What is my corpus size today and in a year? Small corpus, cheap models are fine. Large corpus, model choice dominates storage cost and re-embedding cost.
Have I measured the top 3 candidates on 200+ of my own query-document pairs? If no, do this before committing.
Have I picked a dimension size that matches my latency and storage budget? The biggest model is not always the right one even if it is slightly more accurate.
Is my schema tracking model version per vector? If no, fix this before the first vector lands in the index.
Working through that list is not glamorous. It is the difference between a retrieval system you are happy with in year two and one you are planning a painful migration out of.
- The embedding model is the map your retrieval system lives on. Changing it means re-embedding the entire corpus.
- More dimensions give diminishing returns on quality and linear growth in storage and query cost. Mid-range options are usually the right default.

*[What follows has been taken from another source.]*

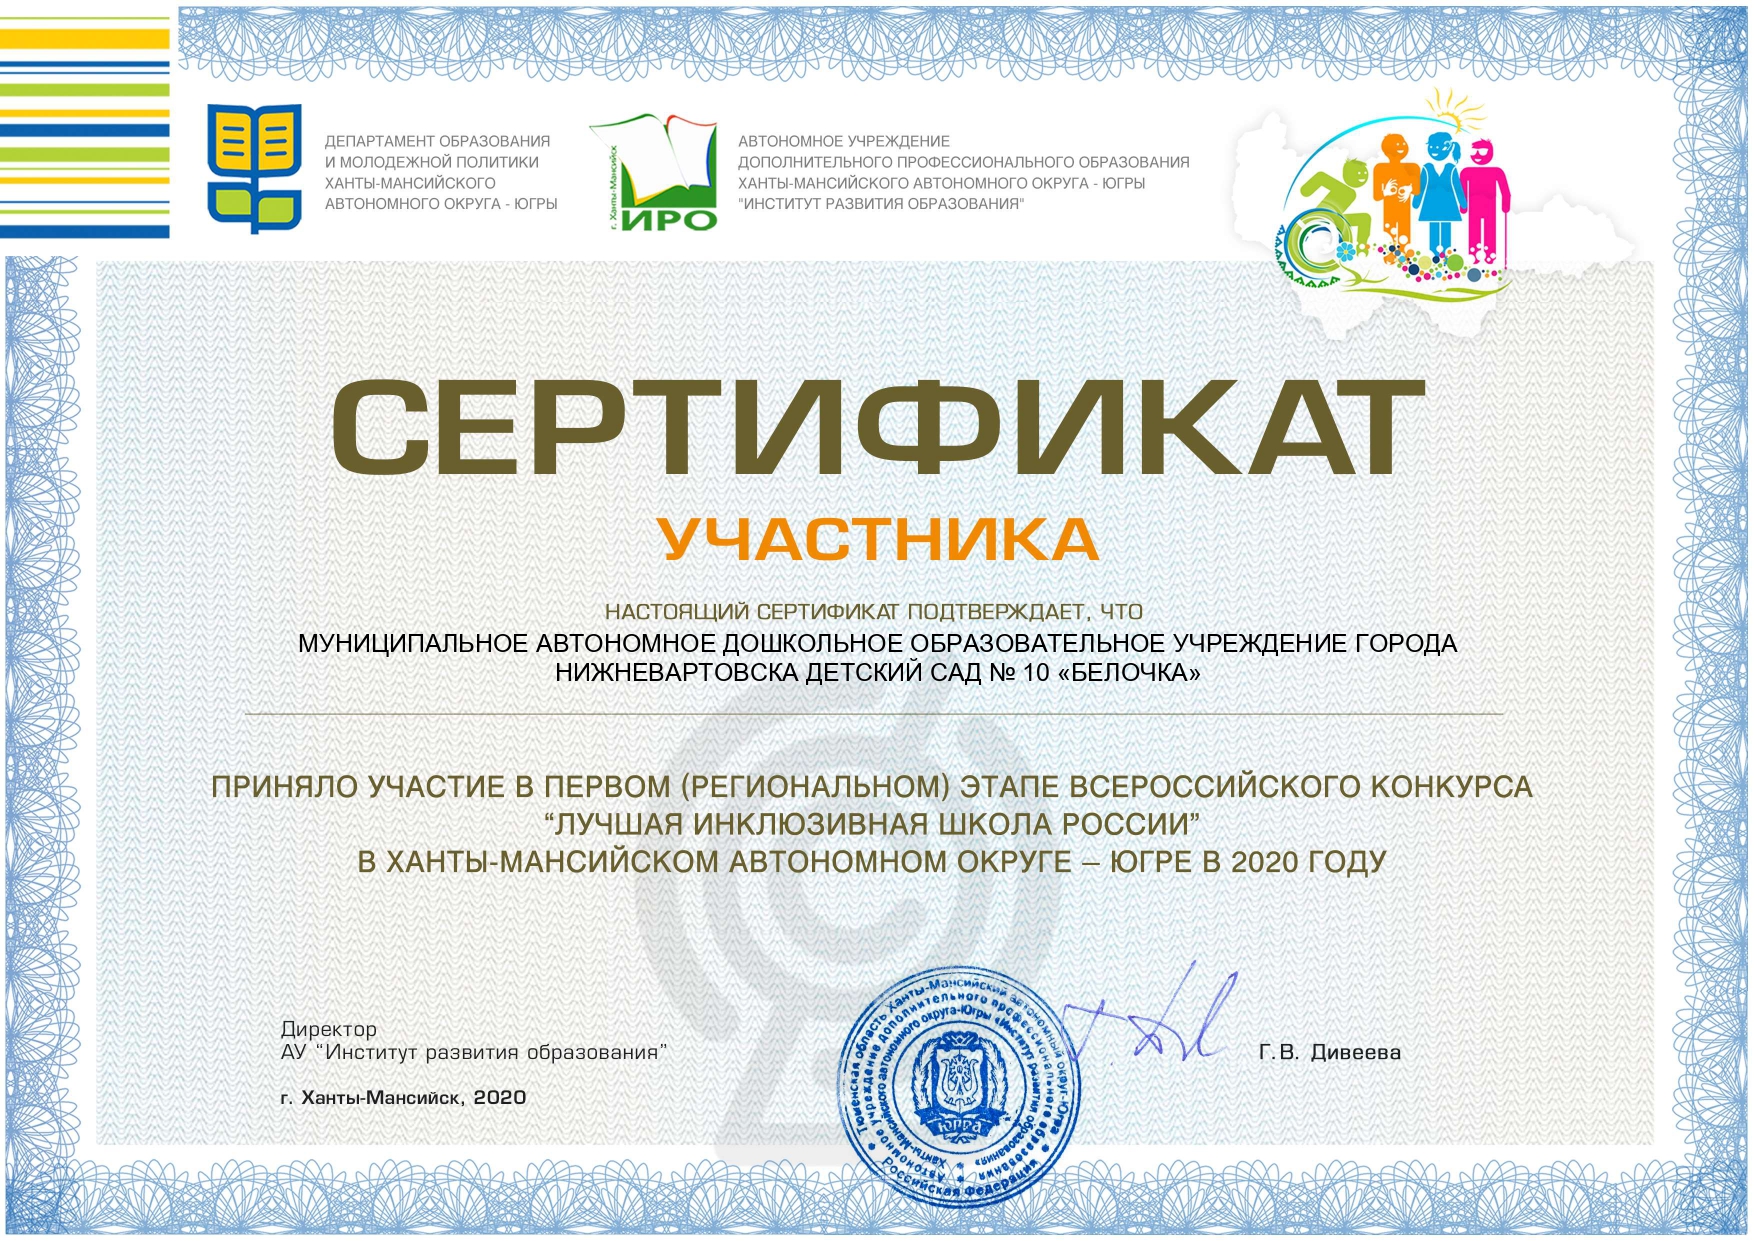 Сертификат 14 page 0001
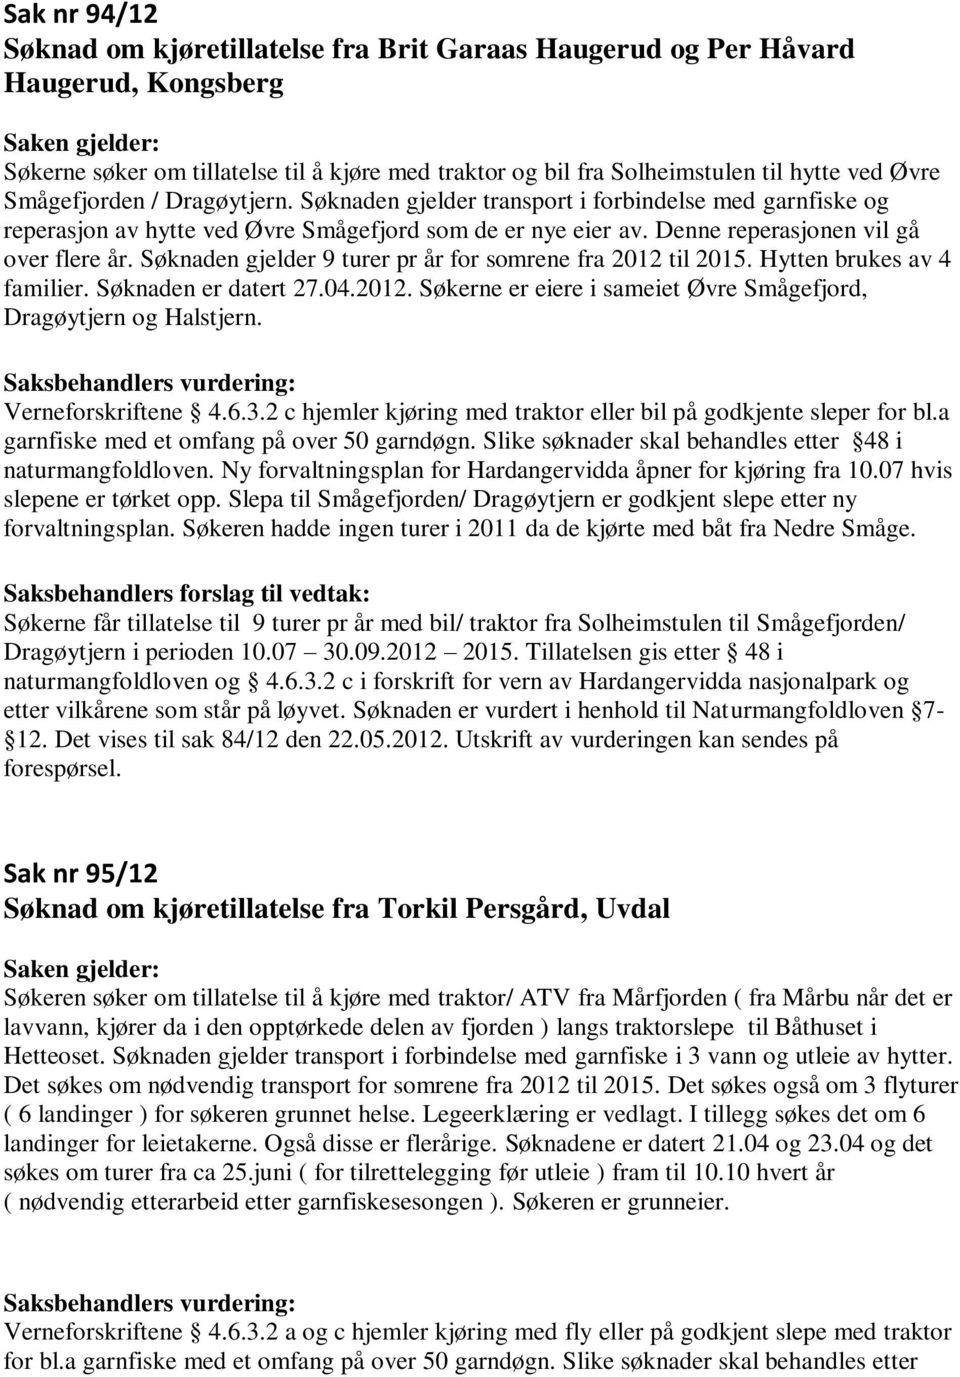 Søknaden gjelder 9 turer pr år for somrene fra 2012 til 2015. Hytten brukes av 4 familier. Søknaden er datert 27.04.2012. Søkerne er eiere i sameiet Øvre Smågefjord, Dragøytjern og Halstjern.

- MTEB is a useful leaderboard but does not predict your specific domain. Measure on your own data with your own queries.
- Domain fit (medical, legal, code, multilingual) often beats benchmark rank. Specialized models exist for a reason.
- Three cost axes: per-token API pricing, vector storage, query-time compute. All three scale with dimension and volume.
- Hosted APIs are the default starting point. Move to self-hosted when data sensitivity, scale, or latency force it.
- Plan the migration path from day one: tag every vector with its model version, reserve capacity for dual-index crossover, schedule old-index deletion.